The polarizing foreign policy figure, who served as secretary of state and national security advisor under presidents Richard Nixon and Gerald Ford, died on Wednesday at his home in Connecticut, according to a statement from his consulting firm, Kissinger Associates.
Having escaped Nazi Germany with his family in 1938, Kissinger later became a prominent political scientist and geopolitical consultant, and worked his way through the corridors of power in Washington.
The German-born Jewish refugee was notorious for his “realpolitik” approach to foreign policy, considering the legitimacy of international order as being premised on the agreement of the great powers, and ignoring morality as irrelevant.
Not surprisingly, Kissinger’s legacy is marred by controversial decisions and actions.
He is responsible for the ruthless campaign of carpet bombing in Cambodia from 1969 to 1973, which resulted in the deaths of between 150,000 and half a million Cambodians.
The purpose of the covert tactical bombing campaign in Cambodia was Washington’s desire, following Kissinger's advice to Nixon to “Hit them!”, to defeat both the South Vietnamese National Liberation Front and North Vietnam.
Notorious for his involvement in secret operations, Kissinger was the architect of a plan to potentially use nuclear weapons against North Vietnam in 1969 as part of an operation called Duck Hook.
Critics, including British author Christopher Hitchens, have accused him of war crimes and crimes against humanity.
In his book “The Trial of Henry Kissinger”, Hitchens argues convincingly that Kissinger deserved prosecution “for war crimes, for crimes against humanity, and for offenses against common or customary or international law, including conspiracy to commit murder, kidnap, and torture.”

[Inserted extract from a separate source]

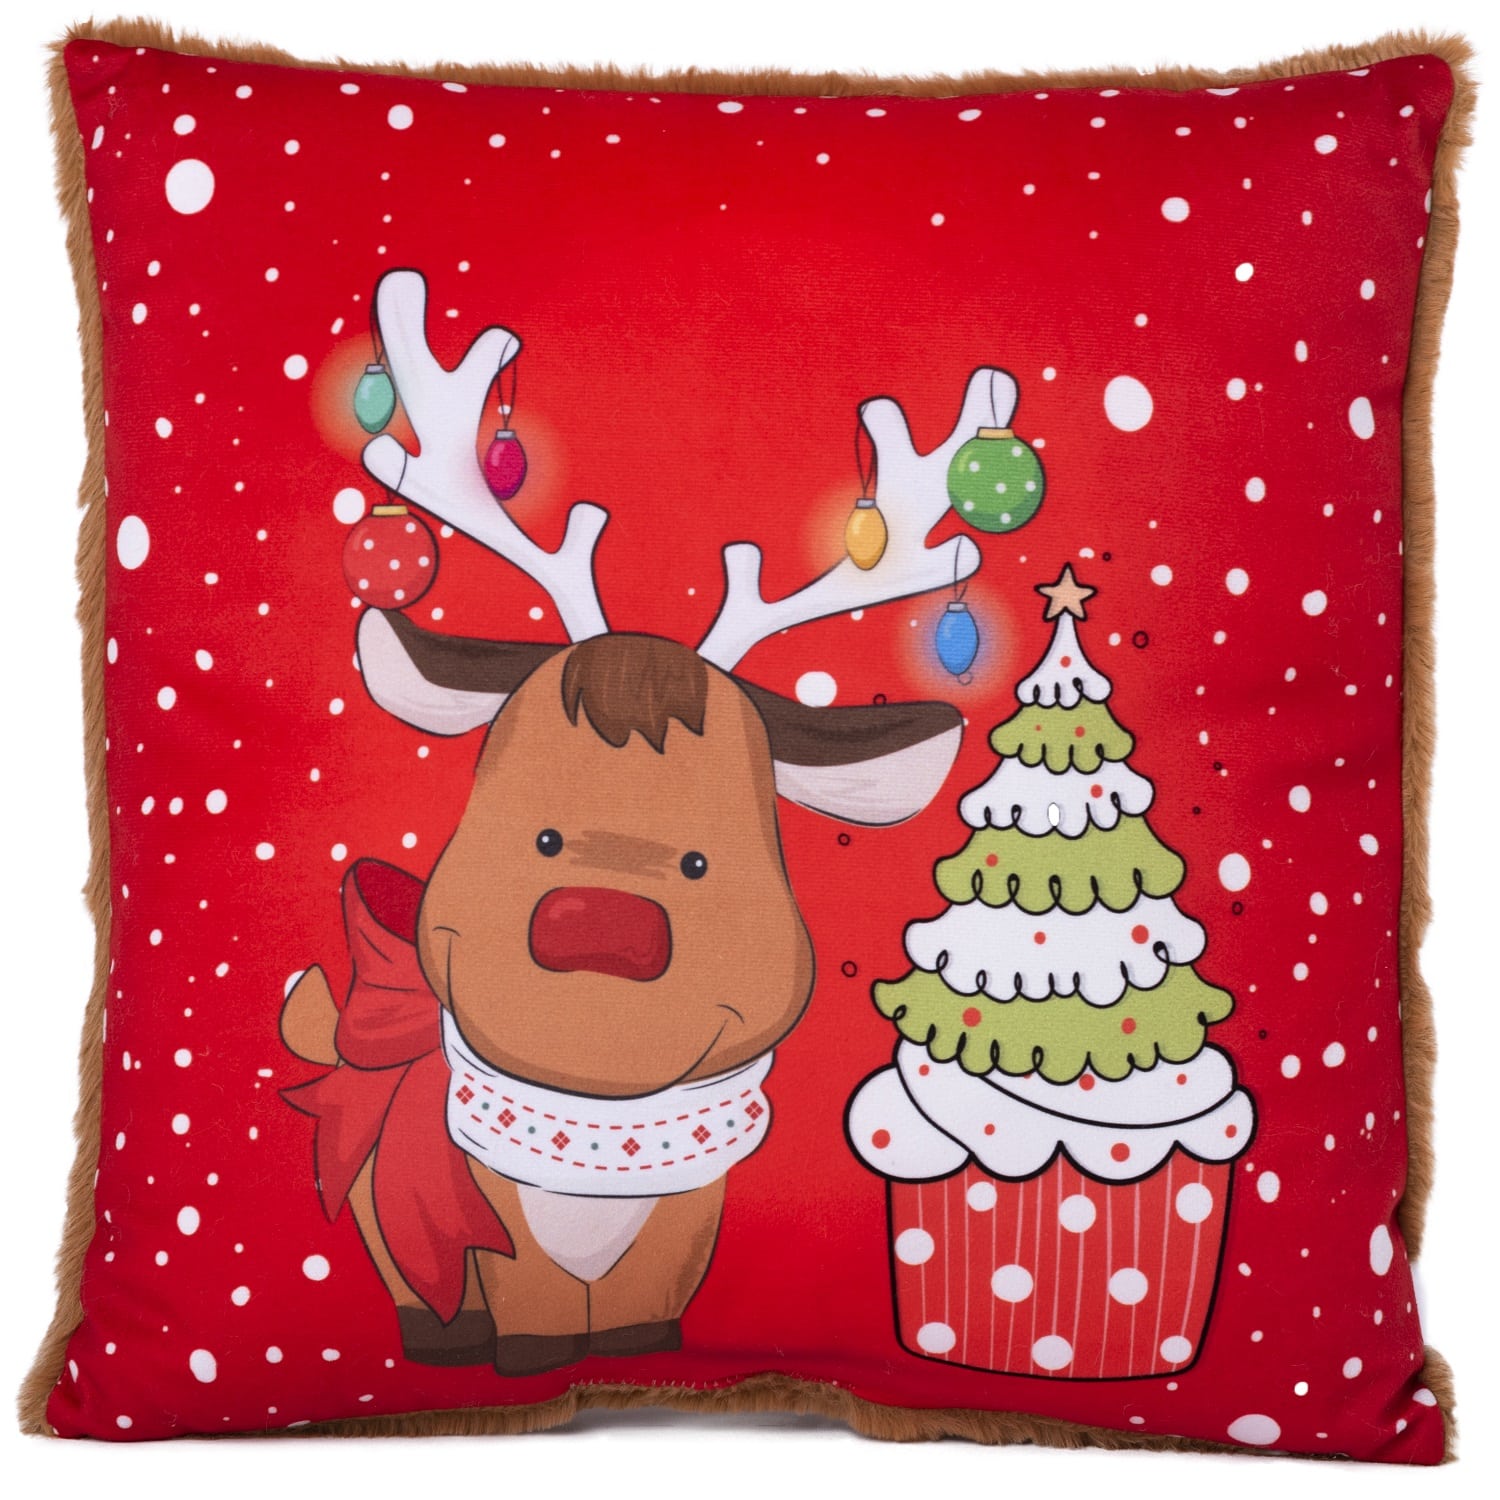 Christmas pillow with deer

In their 1976 book - “The Final Days” - Washington Post reporters Bob Woodward and Carl Bernstein revealed that when the idea of bombing North Vietnam was raised again, Kissinger “expressed enthusiasm at the size of the bomb craters.”

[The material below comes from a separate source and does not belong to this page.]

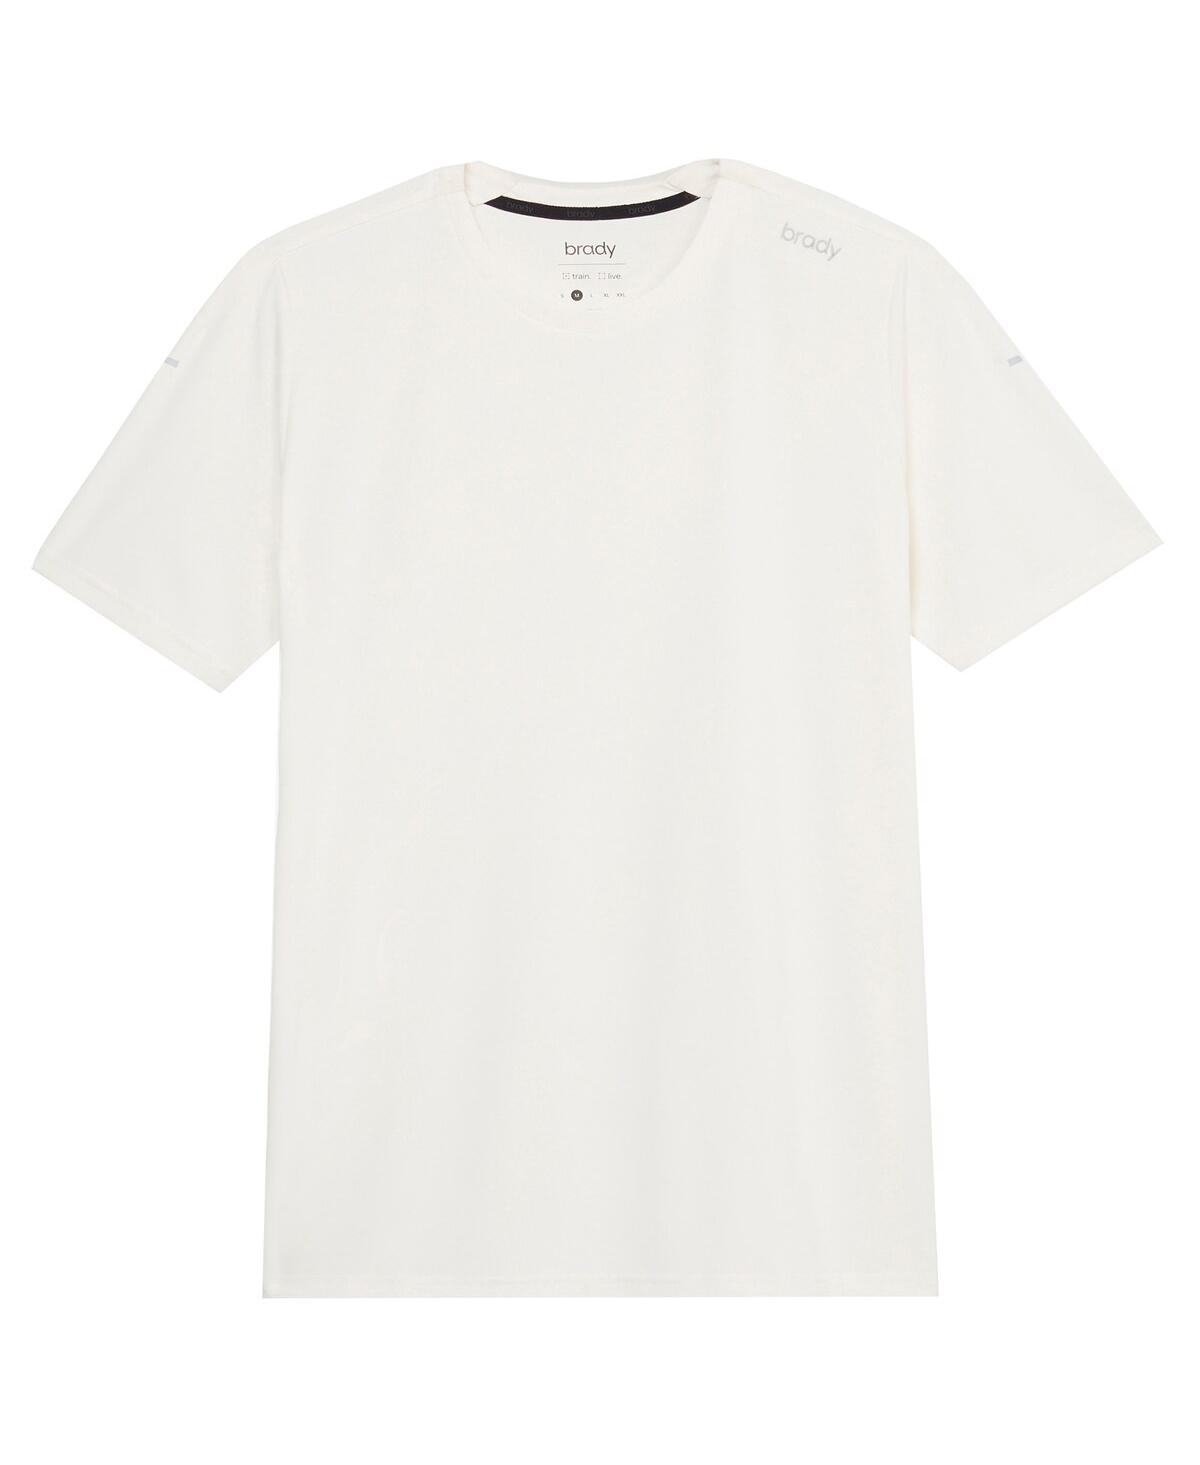 Men's Brady White Cool Touch Performance T-shirt - White

Kissinger had also personally supervised the schedules of the bombing runs and the allocation of planes from one area to the other.
“It's wave after wave of planes. You see, they can't see the B-52 and they dropped a million pounds of bombs,” Kissinger told Nixon after the April 1972 bombing of North Vietnam’s port city of Haiphong, as he tried to reassure the president that the strategy was working.
“I bet you we will have had more planes over there in one day than [former president Lyndon] Johnson had in a month... Each plane can carry about 10 times the load [a] World War II plane could carry,” Kissinger further said.
In 1973, a Pentagon report stated that “Henry A. Kissinger approved each of the 3,875 Cambodia bombing raids in 1969 and 1970” -- the most secretive phase of the bombing -- “as well as the methods for keeping them out of the newspapers.”
As for the Middle East, Kissinger, who was still seen as influential on the world stage until the last days of his life, helped turn Israel into a major US ally during the Nixon and Ford years, arming the occupying entity to the teeth during the 1973 war in order “to prevent an Arab victory”, and ensuring the perpetuation of Israeli colonization of Palestinian lands for decades to come.
He also crusaded against Palestinians for at least two decades, particularly by demonizing the Palestine Liberation Organization (PLO) and hampering the settlement of the Palestinian issue.
Kissinger’s horrifying record, among other horrible moves, included his support for former Pakistani President Yahya Khan’s genocidal campaign against East Pakistan (Bangladesh) in 1971 and his endorsement of the Indonesian dictator Suharto’s genocidal war on the people of East Timor in 1975, in which a third of the population was killed.
Kissinger once famously said, “To be an enemy of the US is dangerous, but to be a friend is fatal,” referring to the US government's unfair and unsincere behavior even with its friends.